La búsqueda de la igualdad entre hombres y mujeres, vindicar derechos que consideren a éstas como sujetos humanos y no como ornamento o comparsa, sigue siendo la razón de ser de la lucha feminista. Una manera frívola de dinamitar más de 300 años de la histórica lucha de tantas maestras y pioneras consiste en borrarlas como sujeto político, rebautizar conceptos perfectamente definidos o consolidados (mujer, patriarcado, sexo/género) y despolitizar el feminismo convirtiéndolo en un tuit, una pancarta o una conjura asociacionista. Demasiadas asociaciones dispersas en objetivos muy cuestionables. Sobran asociaciones, falta conciencia feminista. No hay vida digna, justa ni humana más allá del feminismo. No es una opción o posibilidad, sino una exigencia que compromete: a luchar contra el capitalismo, a tomar la lucha de clases como punto de partida, a combatir el patriarcado, a denunciar privilegios masculinos, a coeducar, a erradicar toda violencia contra las mujeres sea institucional, simbólica, económica, psicológica, física, moral, sexual…

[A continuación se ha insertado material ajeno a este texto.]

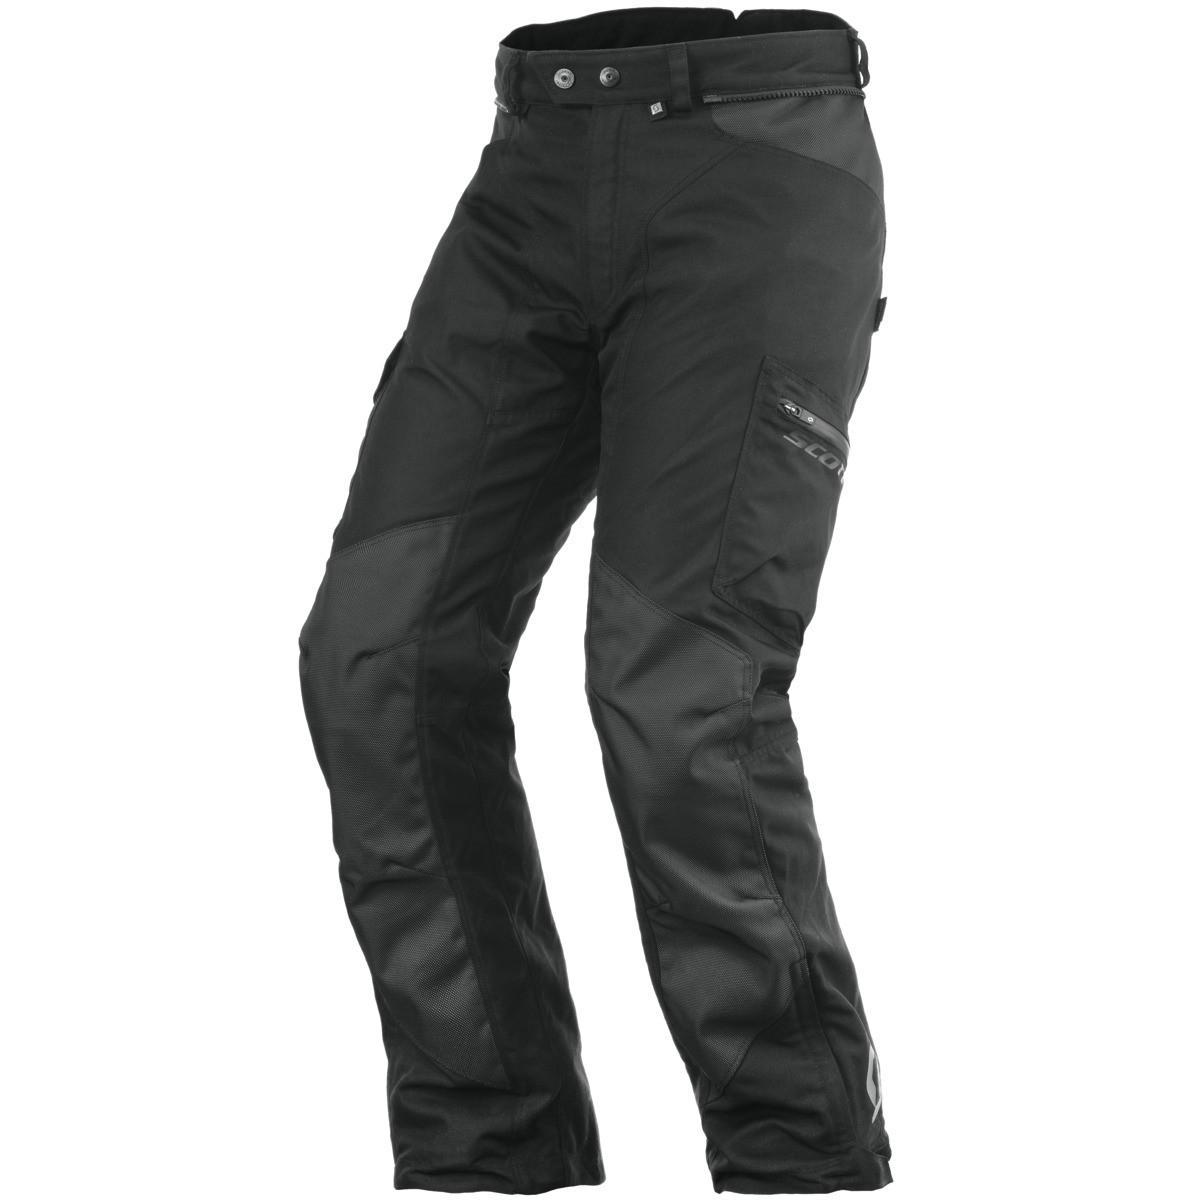 Pantalon moto : l'utilité des pantalons

Que este 8M permita sumarse a la causa feminista a todas las personas. No sólo para interpretar el mundo, sino para transformarlo y darle una buena sacudida moral, política y social. Mujeres y hombres, ¡rebelaos! El feminismo se lucha. Todos los cambios provienen de grandes revoluciones. Por ahora no ocurre difundiendo mensajes virtuales. El feminismo atraviesa cuerpos, no pantallas. El patriarcado atraviesa a la humanidad. ¿Desde dónde nos situamos? ¿Burguesía o proletariado? ¿Feminismo o incivilización? ¿Estaríamos dispuestas a derrocar el sistema patriarcal capitalista? Para tal noble y difícil fin se necesita una sola herramienta epistemológica y vital: el feminismo hecho piel. La lucha es larga, dura, costosa. Que me diga alguien si no merece la pena desvivirse para dejar como legado a nuestras futuras generaciones un mundo que deje de someter, explotar, violar y asesinar a las mujeres. Que deje de comerciar con ellas. Que las considere sujetos y no mercancía. Por un mundo sin pornografía, profundamente abolicionista y libre de hombres machistas, violentos e indignos de esta casa común llamada planeta.